How About Journalists Who Went to State Universities vs. Those Who Went to Ivy League Schools?

From the  New York Times review of the book In Search of Sir Thomas Browne by Jim Holt:

The history of English prose can be seen as a dialectical struggle between two tendencies: plain versus grand. The plain style aims at ease and lucidity. It favors simply structured sentences, short words of Saxon origin and a conversational tone. It runs the risk of being flat. By contrast, the grand style — also called (by Cyril ­Connolly) “mandarin” — aims at rhetorical luxuriance. It is characterized by rolling ­periods decked with balanced subordinate clauses, a polysyllabic Latinate vocabulary, elaborate rhythms, stately epithets, sumptuous metaphors, learned allusions and fanciful turns of phrase.

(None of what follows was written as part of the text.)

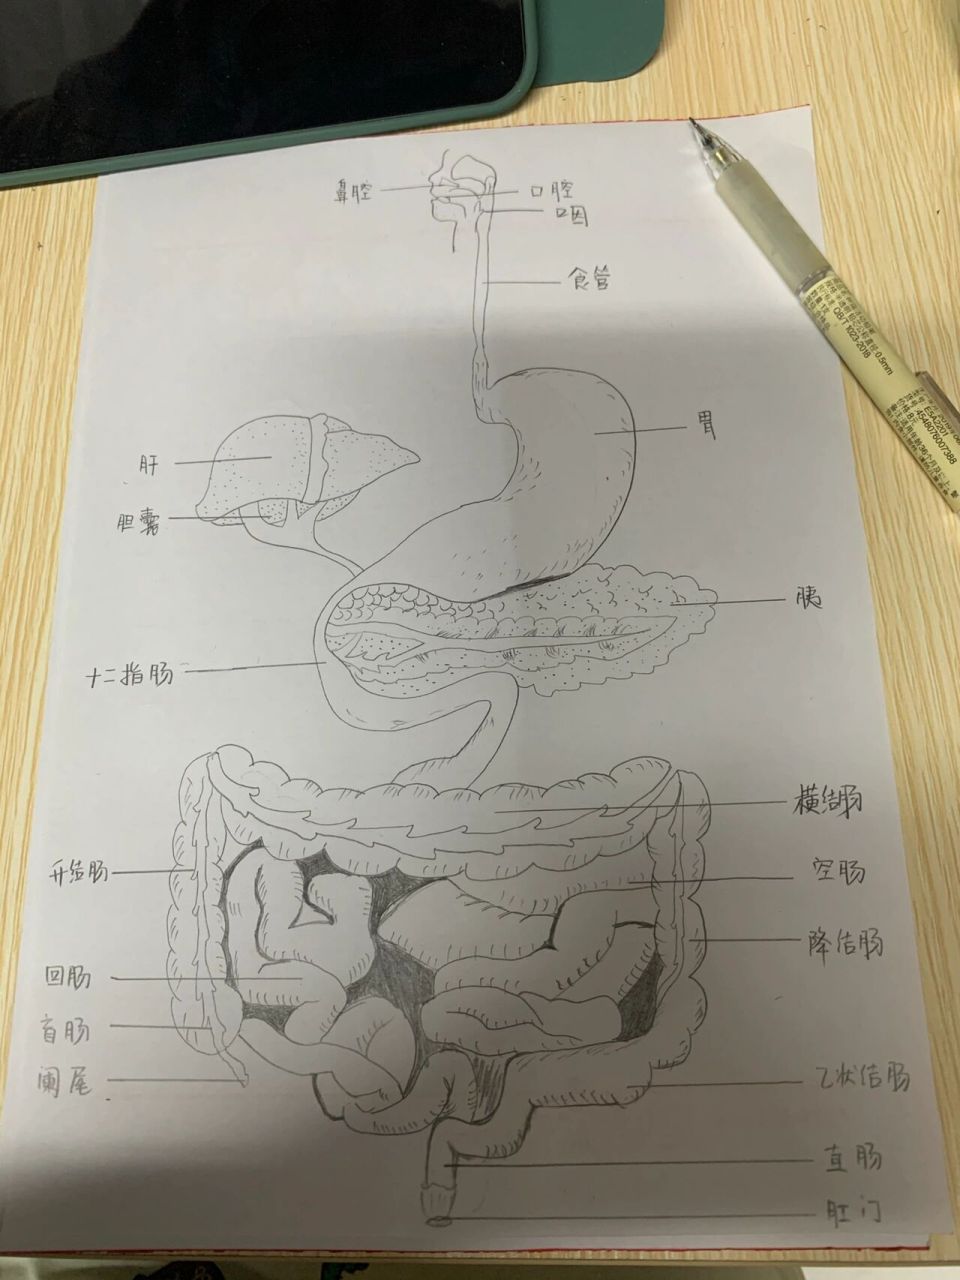 消化系统结构简图手绘图片

It runs the risk of being ridiculous.

Partisans of the plain style include Dryden, Swift, Shelley (in his letters), Hazlitt, Matthew Arnold, Orwell, Hemingway, E.B. White, Gore Vidal, Joan Didion, Michael Lewis and The New Yorker. Partisans of the mandarin style include — in addition to its begetters, the scribes of the King James Bible — Dr. Johnson, Gibbon, Addison, Carlyle, Pater, Ruskin, Nabokov, William F. Buckley Jr., Elizabeth Hardwick, Lewis Lapham and Time magazine. (It is an amusing parlor game to extend and modify these lists.)